In 1979, an experiment of nature took place that changed our thinking about Parkinson’s disease. A drug addict attempted to make meperidine in his own home laboratory. After taking the preparation, the addict developed severe parkinsonism and a postmortem examination showed a loss of dopaminergic neurons in the substantia nigra (Davis et al., 1979). It was discovered that the preparation – by mistake - contained 1-methyl-4-phenyl-1,2,3,6-tetrahydropyridine (MPTP) (Langston et al., 1983). MPTP is a very potent dopamine neurotoxin. A metabolite, MPP+, is taken up selectively into dopamine cells (Javitch and Snyder, 1984; Langston et al., 1984) where it poisons complex I of the mitochondrial electron transport chain (Kindt et al., 1987; Mizuno et al., 1987). The use of MPTP – experimentally in mice, rats and primates to create models of Parkinson’s disease – has advanced our understanding of the mechanisms and consequences of dopamine cell death. Several people who had injected subclinically toxic doses of MPTP were subsequently found to have decreased dopamine terminals on PET scans (Calne et al., 1985). Some of these individuals have since developed Parkinson’s disease and illustrate how environmental exposures can predispose people to dopaminergic cell death (Vingerhoets et al., 1994).
GABA in Huntington’s Disease
During the 1970s, detailed reports of the selective neuronal vulnerability in various neurodegenerative diseases were common. Parkinson’s and Huntington’s diseases were thought to be subcortical diseases and Alzheimer’s a cortical and hippocampal disease. After the success of discovering dopamine to be a critical factor in Parkinson’s disease, detailed studies of the distribution of various neurotransmitters, including neurotransmitter precursors and neurotransmitter metabolites were made in postmortem human control and diseased brains. Many of these studies were dependent on freezing samples of postmortem brain so that biochemical studies could be done and brain banking became critical for studying neurodegenerative disorders (Bird and Vonsattel, 1993).
In Huntington’s disease, GABAergic markers were found to be selectively decreased in the striatum (Bird et al., 1973; McGeer et al., 1973; Perry et al., 1973).
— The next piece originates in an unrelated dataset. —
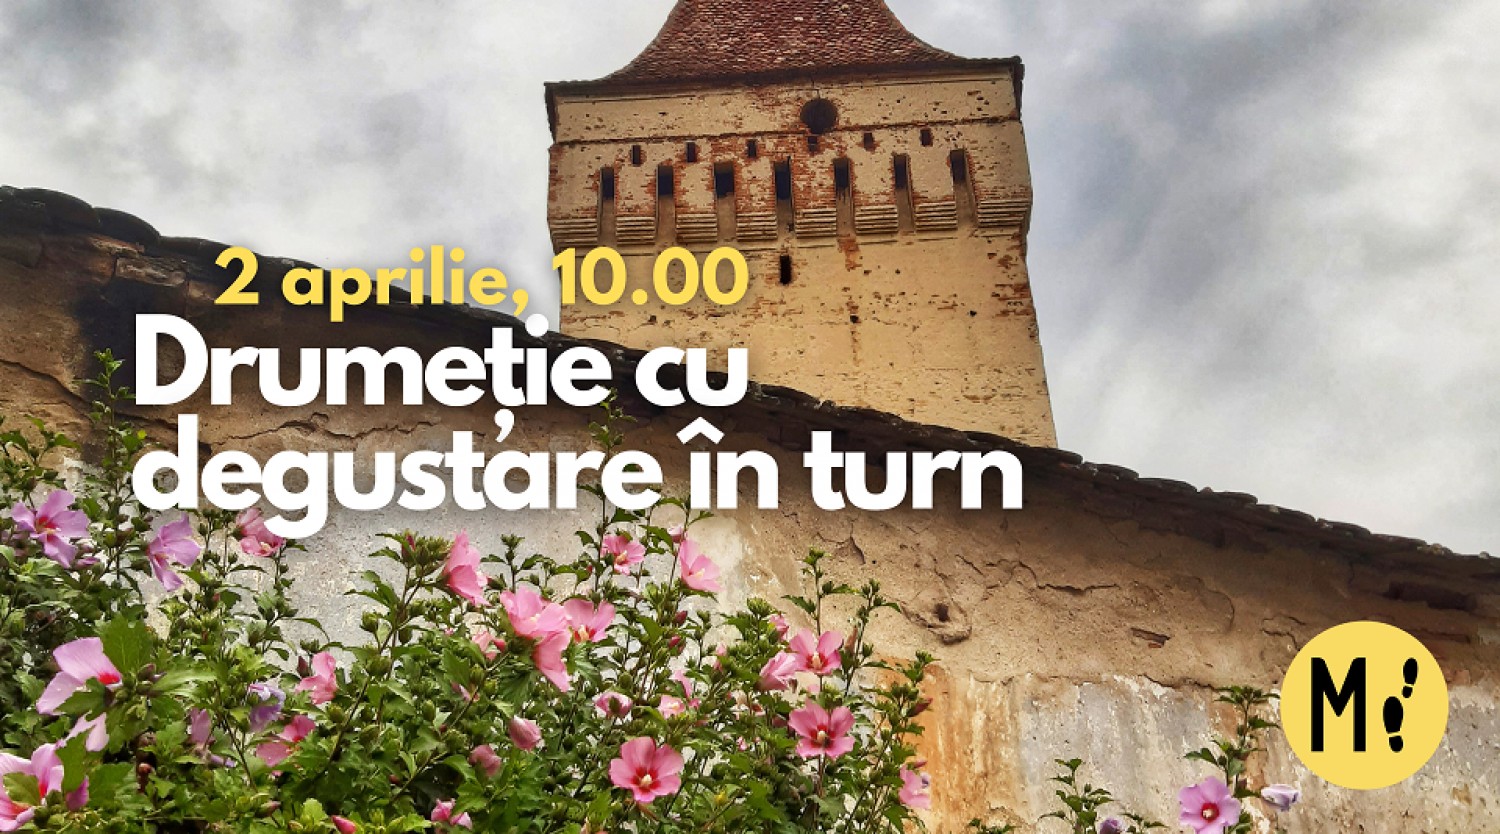 Drumeție cu degustare în turn: Mediaș - Moșna

This observation was accompanied by the prediction that GABA agonists might help HD the way L-DOPA helped PD. Unfortunately, the GABA agonists in HD did not result in the same Lazarus effect that was seen with L-DOPA in PD. This is due, in part, to the fact that the GABAergic striatal efferents synapse with pallidal GABAergic neurons resulting in disinhibition of the thalamus, a target of the pallidum (Roberts, 1974; Penney and Young, 1981). GABAergic agonists will act on the GABA receptors in pallidum and thalamus, thereby negating the double inhibition.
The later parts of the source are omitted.